Data Management : DataOps, Talent Shortages, Storage Overload
The burdens of enterprise data management will continue to expand, driven largely by rising data growth, as well as emerging trends ranging from DataOps and CloudOps to the increasing need to protect data.
The following are a few of the more significant steps we’ll see in the evolution of data management in 2022.
Storage Pros Will Focus on DataOps and CloudOps
As enterprises store more data in the cloud, the job of managing on-prem storage has been reduced significantly. Automation and advancements in storage technologies have simplified some of the basic tasks. This will result in a greater focus on collaborative IT technologies like DataOps and CloudOps.
Indeed, traditional storage roles are evolving quickly. Instead of focusing on the detailed technical configurations of provisioning storage and resolving issues, the storage admin job will morph into a proactive role requiring a broader understanding of the full hybrid cloud infrastructure, including compute, AI and automation, DevOps, and containers.
Storage professionals will need to learn how to become trusted advisors to other IT and business roles and evangelize the future direction of data. This will require a collaborative mindset and approach to understand business requirements and user needs.
Additionally, storage admins will be working more closely with data scientists, project teams, and DevOps. The bulk of the storage pro’s time will be spent identifying, segmenting and defining data types, and managing data granularly according to business and user needs. They’ll need new tools for collaboration, analysis, and planning to make the shift to DataOps and CloudOps.
IT Leaders Must Address Shortages of Data Staff
Using data to improve business outcomes is becoming a key competitive advantage. Enterprises are realizing that data science needs to become “citizen science.” Meaning that to address the constant shortage of data professionals, analytics must be made easy enough for more staff to handle these tasks.
Companies must figure out: How can you enable every employee to easily analyze data and use it to improve results without requiring specialized data science skills?

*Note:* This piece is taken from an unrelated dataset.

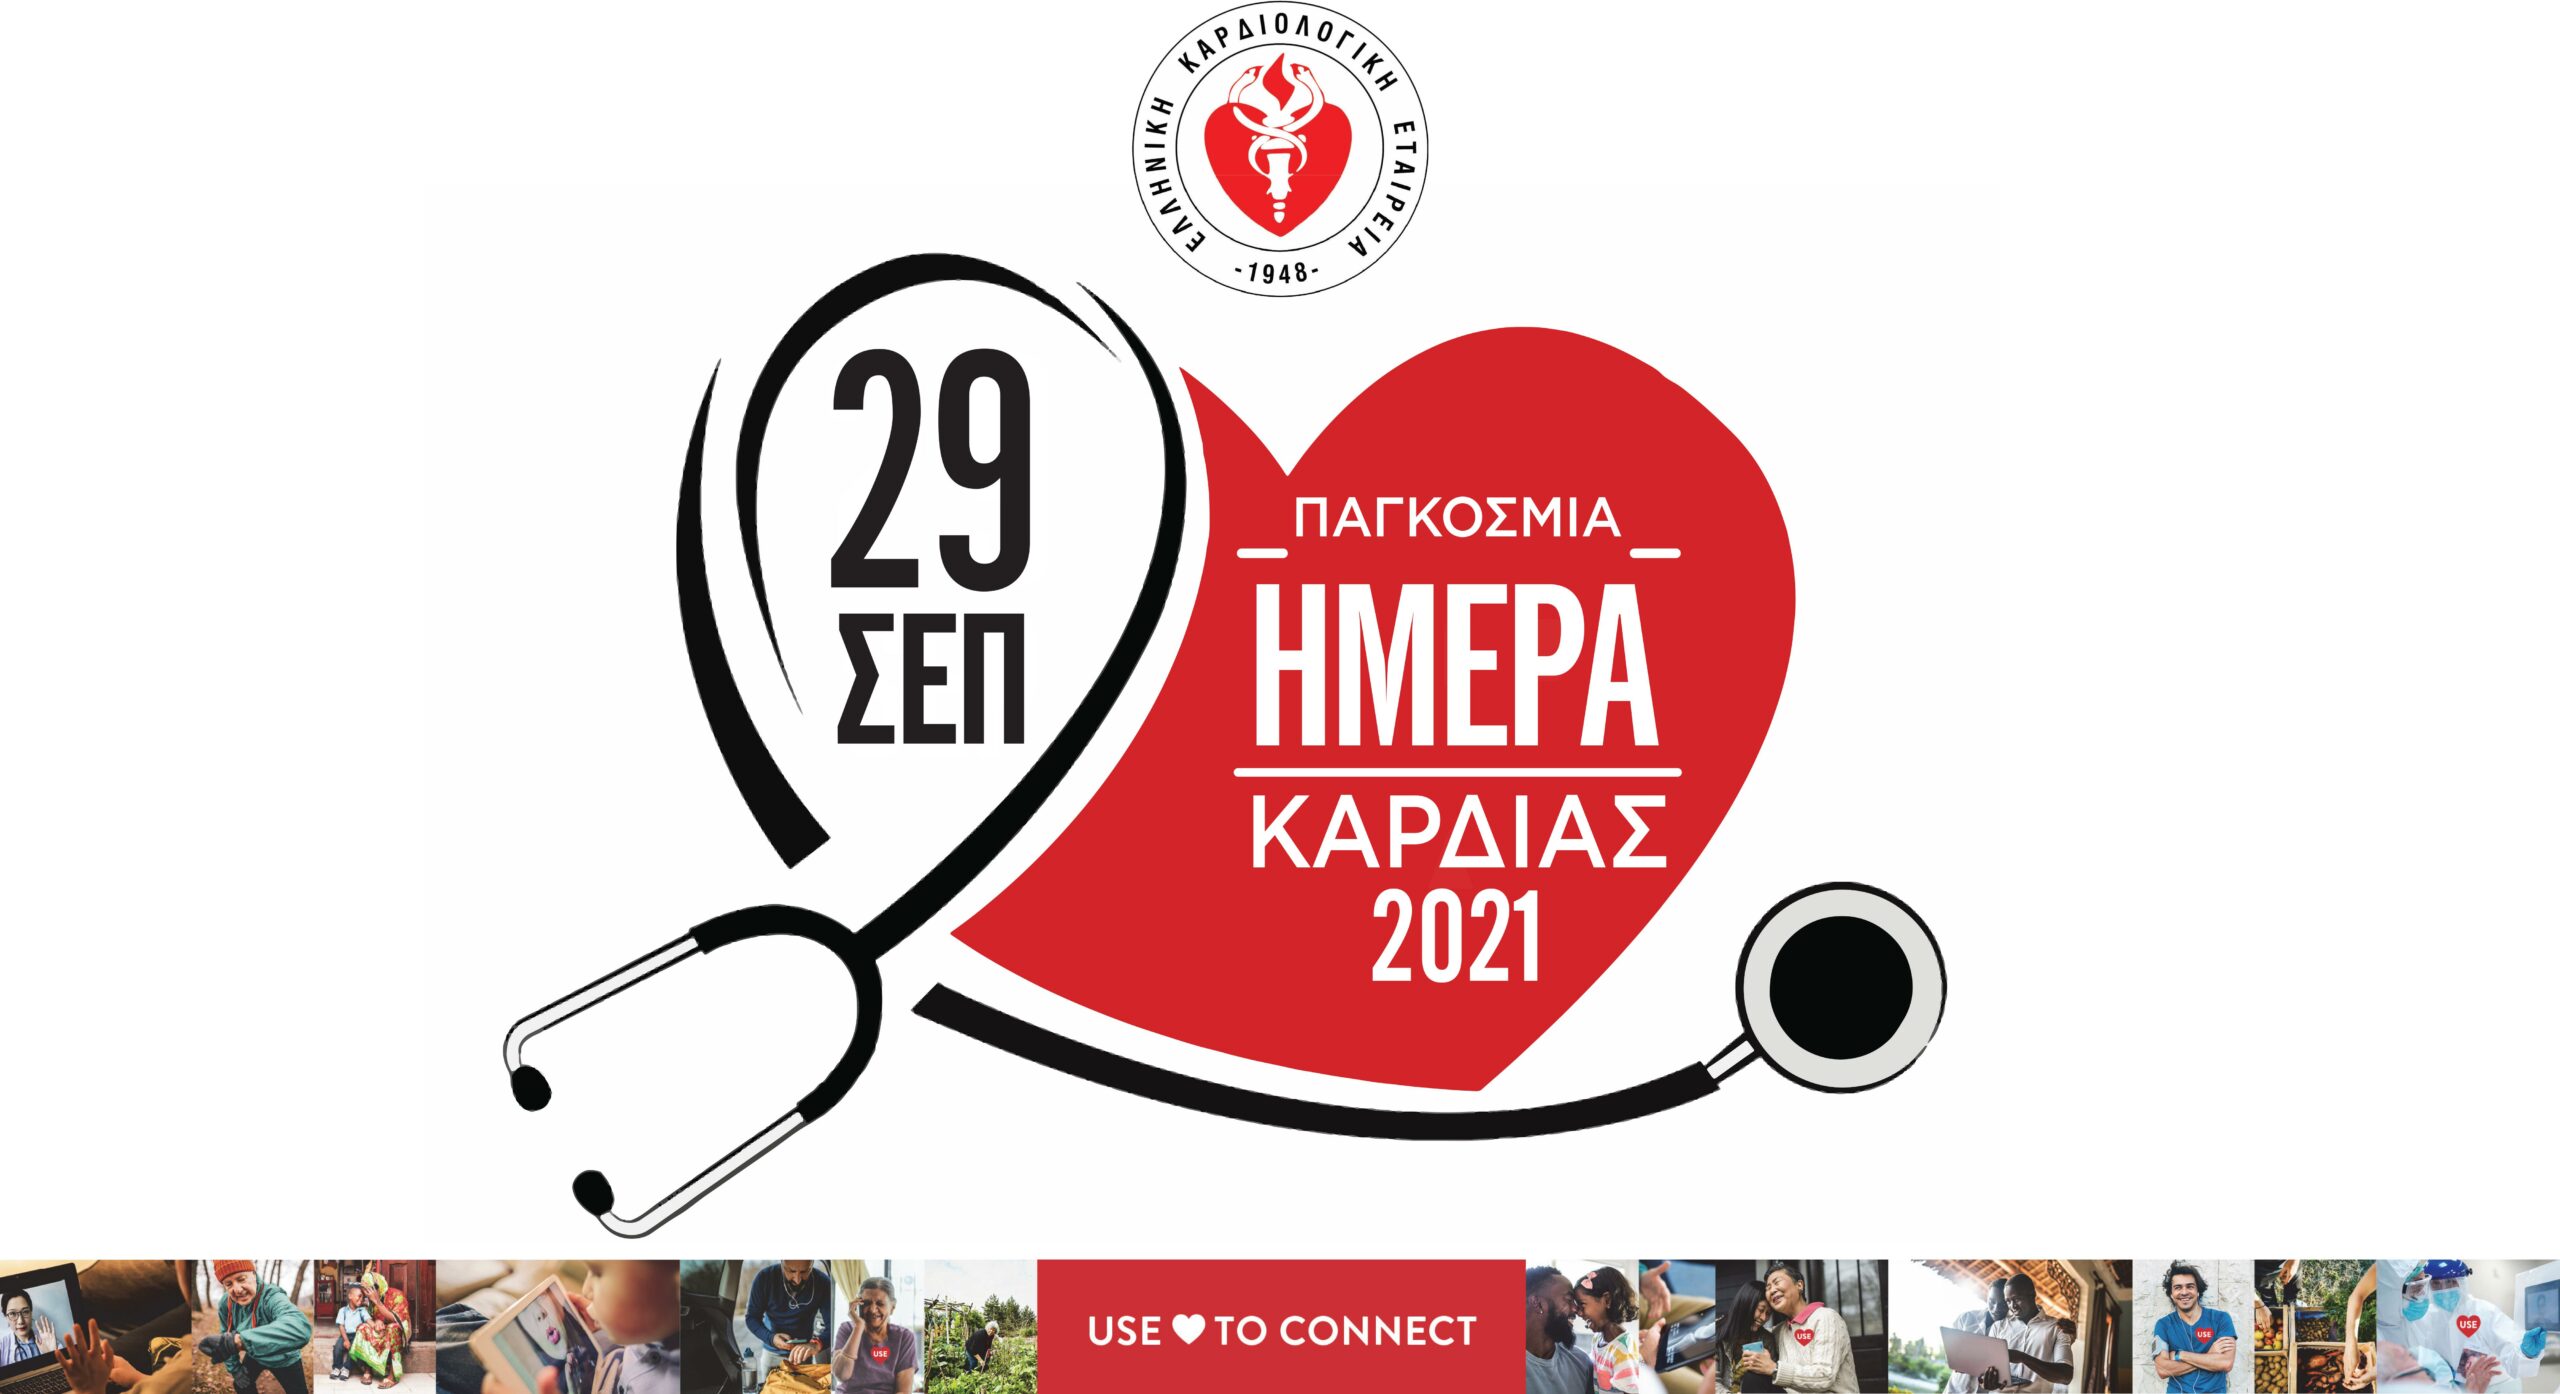 Παγκόσμια Ημέρα Καρδιάς: Συνέντευξη Τύπου της Ελληνικής Καρδιολογικής Εταιρείας   με αφορμή την Παγκόσμια Ημέρα Καρδιάς

Citizen science technology revolves around data analysis. The workflows need to be intuitive, visual, clear and even inviting. Business intelligence and analytics vendors building tools for data warehouses, data lakes, and data management solutions are working on automated cloud-based solutions and simple intuitive interfaces – this work is essential for addressing the talent shortage.
Among the professional cohort, data scientists must evolve from doing all the work themselves to engaging business users in data collection and culling. Those limited high end staff must learn to delegate if a company is to gain competitive advantage from data.
Data Management Security Will Gain in Importance
Security and particularly ransomware are already popular data management topics, and they will gain an even higher profile in the year ahead. To be sure, the cost of protecting data from ransomware can be prohibitively high because of the cost of backing up so much data – cost is a key reasons data management security will become more important.
Given that, “right-sized” ransomware protection, rather than the “one size fits all” approach, will draw increasing interest. This approach will require segmenting colder, less-used data to a lower cost location, such as the cloud, to reduce backup licensing costs and backup cycles while also leveraging capabilities that make data immutable, so it cannot be attacked by ransomware.
Another data management area that will gain visibility is cross-platform, portable tag management. This will enable data managers and data scientists to move files into new clouds or applications yet retain the tags that are critical for rapidly searching and segmenting data to feed data analytics pipelines.
The End of Storage Overload: Time to Delete
Explosive, uncontrolled, unstructured data growth has created the need to segment and store it on different storage classes, or tiers, according to its usage, value, and need. But it also means that keeping data forever is no longer necessary or viable.
This is a major shift from current practices, which tends to store – even hoard – all data, “just in case.” This is clearly becoming cost prohibitive.
In response, data storage professionals will create full lifecycle policies, so when data has reached its end of life, when it is no longer required for compliance or analytics, it will be purged altogether. Zombie data or dead data will garner proper attention as enterprises aim to better segment, classify, organize, cleanse, manage, and justify spending on storage, backup, and disaster recovery. Data hoarding will come to an end as part of successful digital transformation initiatives.
The sheer volume of data has become a challenge for enterprises in recent years. Throw in the impact of the cloud and the edge, the rise of unstructured data, and the growing demand for greater security around the data, and change is needed. What organizations are dealing with is a rapidly evolving data management environment that will force enterprises to find ways to quickly adapt to those demands. The industry will face that as a priority in the next year.